Election brings white nationalism to forefront

 

November 16, 2016



BIRMINGHAM, Ala. (AP) — Donald Trump’s choice of far-right publishing executive Steve Bannon as a top White House adviser is bringing new scrutiny to a troubling, decades-old ideology: white nationalism.

The movement generally advocates formation of a nation set aside for whites. Some adherents openly supported Trump for president, and white nationalists have praised Trump’s appointment of Bannon as a senior adviser. Bannon previously headed the Breitbart website that appealed to the so-called “alt-right” — a movement often associated with far right efforts to preserve “white identity,” oppose multiculturalism and defend “Western values.”


White nationalists often support the idea that white people are under attack in the U.S., and need protection from the growth of minority and immigrant groups. Adherents sometimes use the hashtag #whitegenocide on social media to promote their belief that the future of the white race is in peril. They see diversity as a threat to fight, not a goal to embrace.

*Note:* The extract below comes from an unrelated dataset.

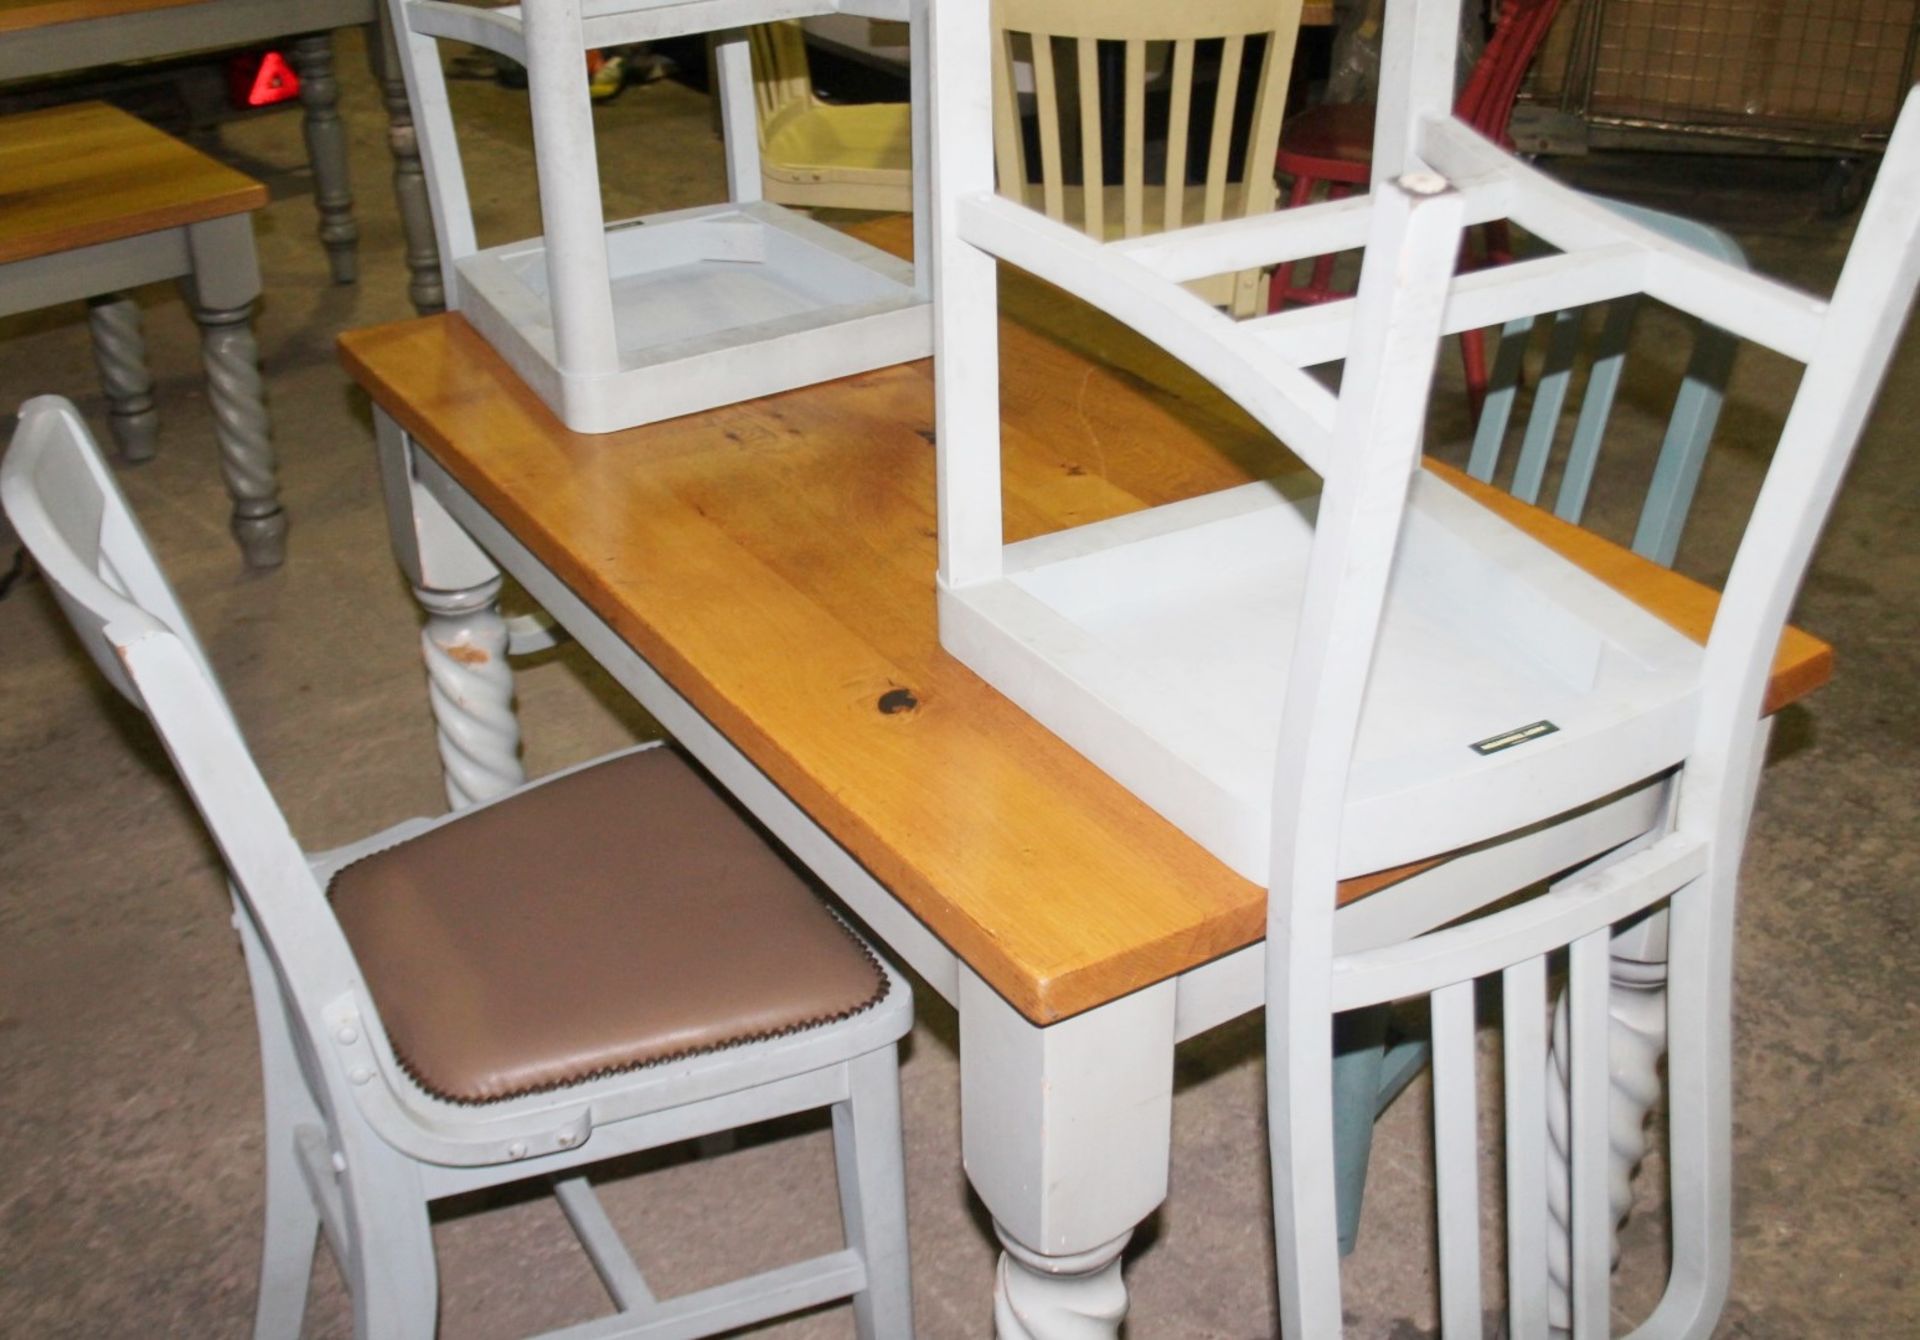 1 x Solid Wood Bistro Table With Turned Legs 4 x Mix-matched Chairs - Image 4 of 4

Here are some questions and answers about white nationalism in the United States:

HOW DID THIS GET STARTED?

Groups including the Ku Klux Klan, which is 150 years old, have espoused various white nationalist ideas. The start of the current white nationalist movement is pegged to more recent years.

J.M. Berger, an author and expert on extremism at George Washington University’s Program on Extremism, wrote earlier this year that many of today’s white nationalists were inspired by “The Turner Diaries,” a racist novel published in 1978. In the book, physicist-turned-writer William Luther Pierce describes a dystopian America in which white people are disarmed by minorities.

Timothy McVeigh had pages from the book with him when he bombed the Alfred P. Murrah federal building in Oklahoma City in 1995, killing 168 people.

IS STEVE BANNON A WHITE NATIONALIST?

Bannon hasn’t commented publicly since being tapped for the White House position, but his former colleagues at breitbart.com dispute any links to white nationalism.

In a statement released to The Hill, a political newspaper published in the nation’s capital, breitbart.com said it had been under intense scrutiny over Bannon’s involvement with Trump and was preparing a lawsuit over media depictions of it as a “white nationalist website.”

The statement added: “Breitbart News rejects racism in all its varied and ugly forms. Always has, always will.”